Теперь, когда эти литературные битвы уже позади и позади порожденные ими преувеличения и страсти, окончательно ясно, что, изучая форму, вернее, структуру художественного произведения, и эволюцию жанров, формалисты обогатили науку множеством существеннейших открытий и наблюдений, но, замкнувшись в кругу исследований имманентных, внутренних законов литературы, игнорировали ее содержательность, проблему ее общественной функции, ее многосложные связи с действительностью. Поэтому выдвинутые ими обоснования не объясняли главного и были в корне неверными.
Впрочем, Шкловский занимался не одними вопросами литературной теории. Он писал великолепную прозу – выпустил книги «Сентиментальное путешествие» и «Zoo, или Письма не о любви», работал в «Летописи», которую редактировал Горький, выступал с Маяковским, был близок к творческому содружеству «Серапионовы братья», объединявшему в 20-х годах таких разных писателей, как Н. Тихонов, К. Федин, Вс. Иванов, М. Зощенко, М. Слонимский, Н. Никитин, В. Каверин, Б. Лунц, Б. Полонская, критик Н. Груздев... Потом примкнул к ЛЕФу.
Уже в то время Шкловский много работал в кино, которое тогда только еще начиналось.

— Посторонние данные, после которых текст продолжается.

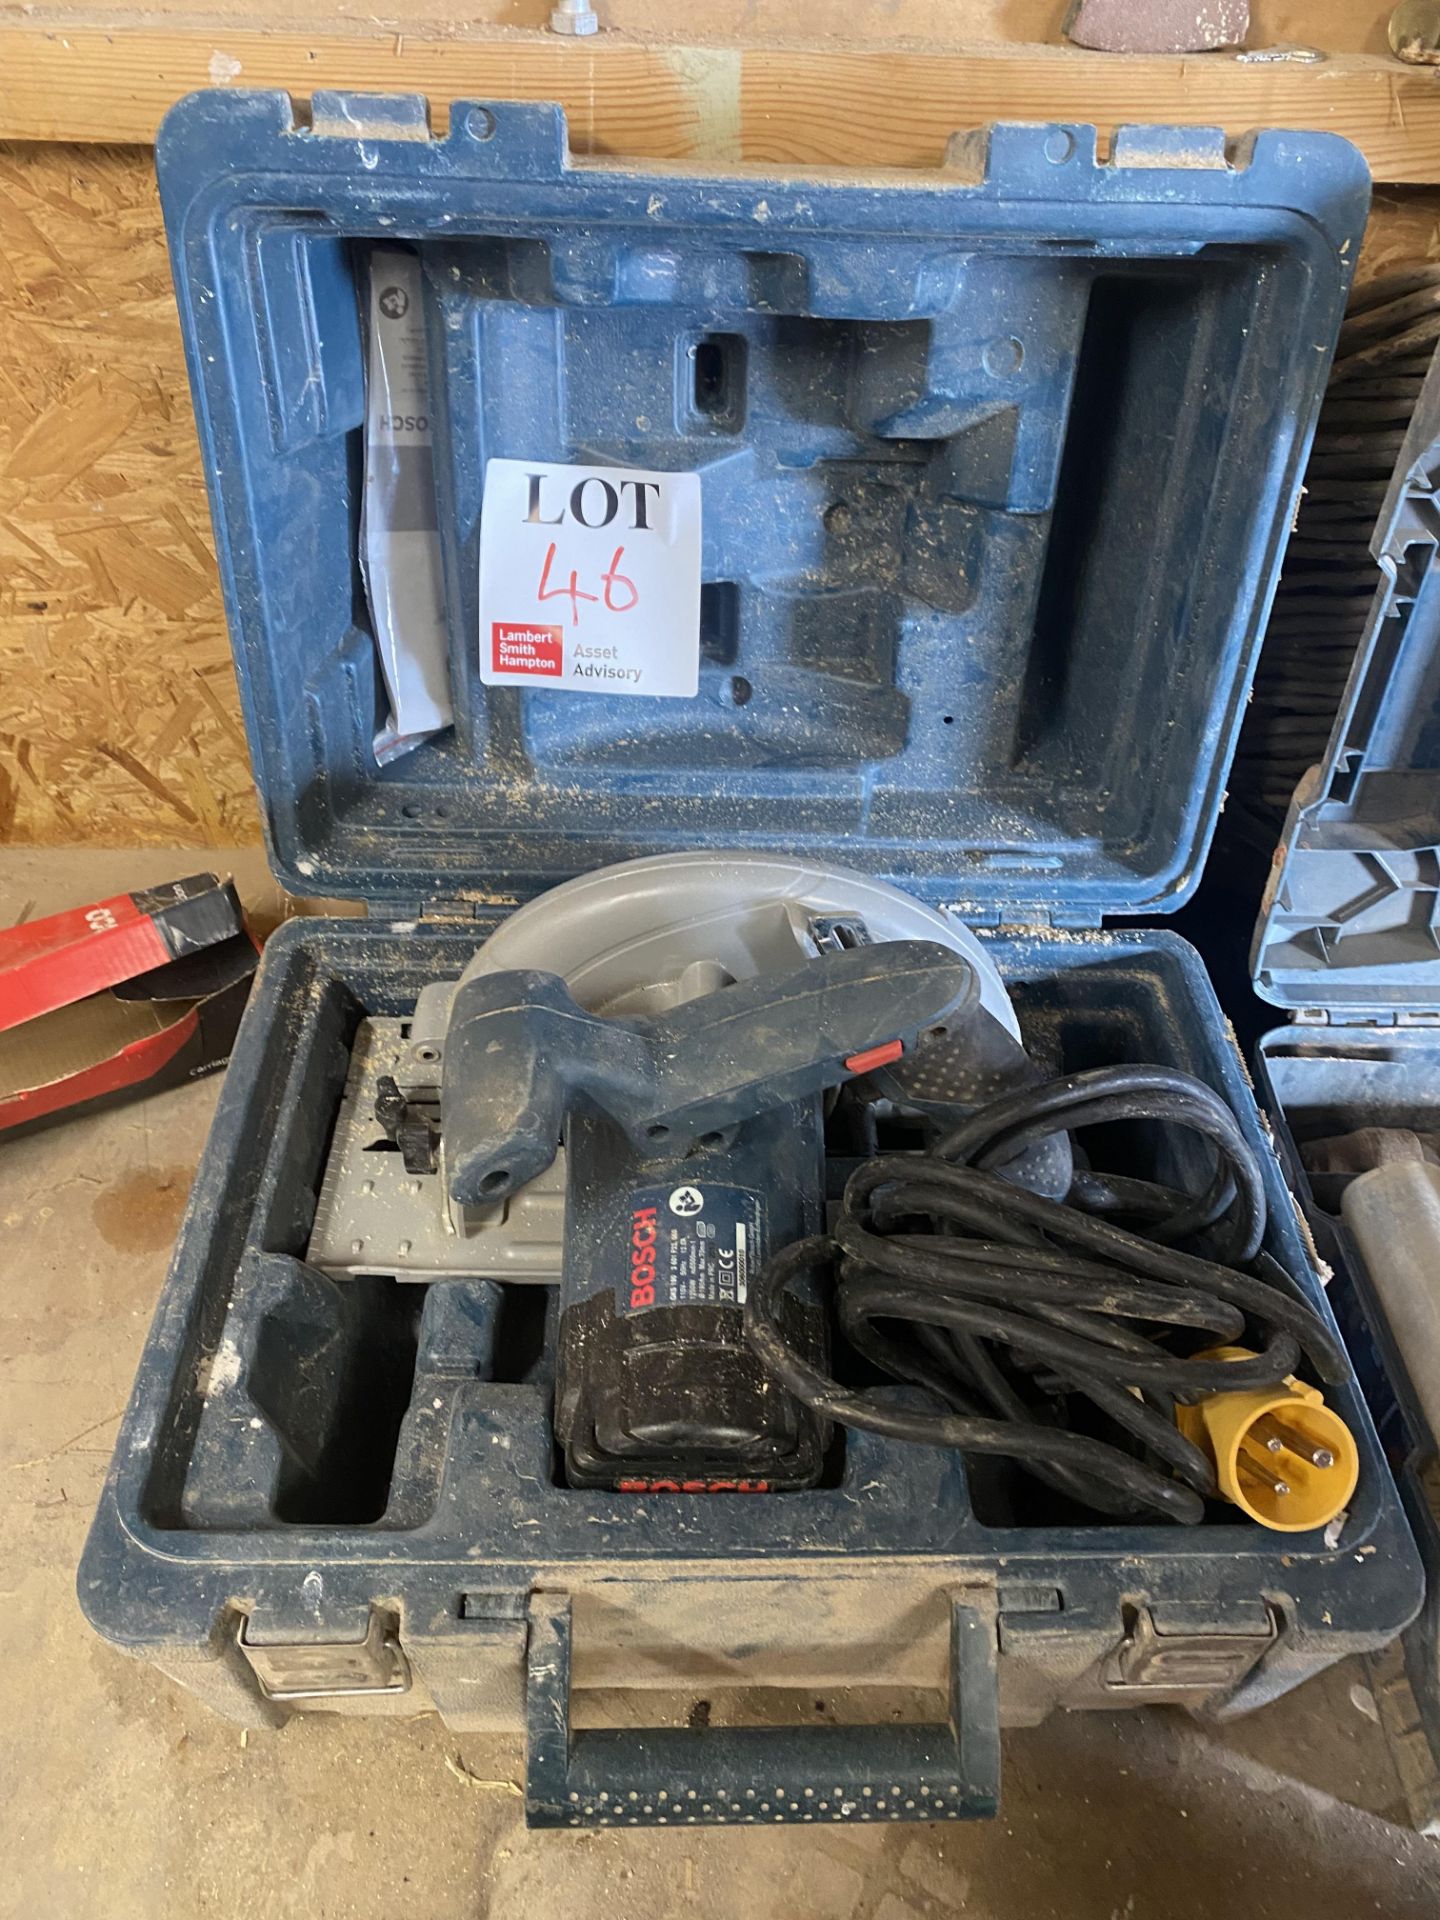 Bosch GKS 190 circular saw, 110v Located at Unit 54, Newcourt Barton, Clyst Road, Topsham, Exeter,

И мало-помалу теория стала приходить в несогласие с практикой. Так, теоретик Шкловский думал, что кино – это монтаж аттракционов, что сюжет в кино почти не имеет значения, а сценарист Шкловский убеждался в значении сюжета. Собственный опыт и живой опыт советской литературы расширял представление о законах искусства и вносил поправки в теорию. Занятия историей и русской литературой привели к созданию исследований о лубочном писателе Матвее Комарове, о литературе XVIII столетия в связи с экономикой, исторических повестей о путешествии Марко Поло, о художнике штабс-капитане Федотове, о Минине и Пожарском, о мастерах старинных, книг о Маяковском, о Достоевском, биографии Льва Толстого. Эти книги не только писались Шкловским, но и меняли Шкловского, перепроверяя его теоретическую систему и доказывая, что в искусстве важно не только как сделано, но из чего сделано и для чего сделано, кем сделано и для кого сделано. Писателя учил опыт, учило время. И вот спустя много лет, прослеживая собственный путь и путь своих единомышленников по ОПОЯЗу, Шкловский смело, точно и обстоятельно говорит о просчетах, посвящает этому свои новые книги – «Повести о прозе» и «Тетиву».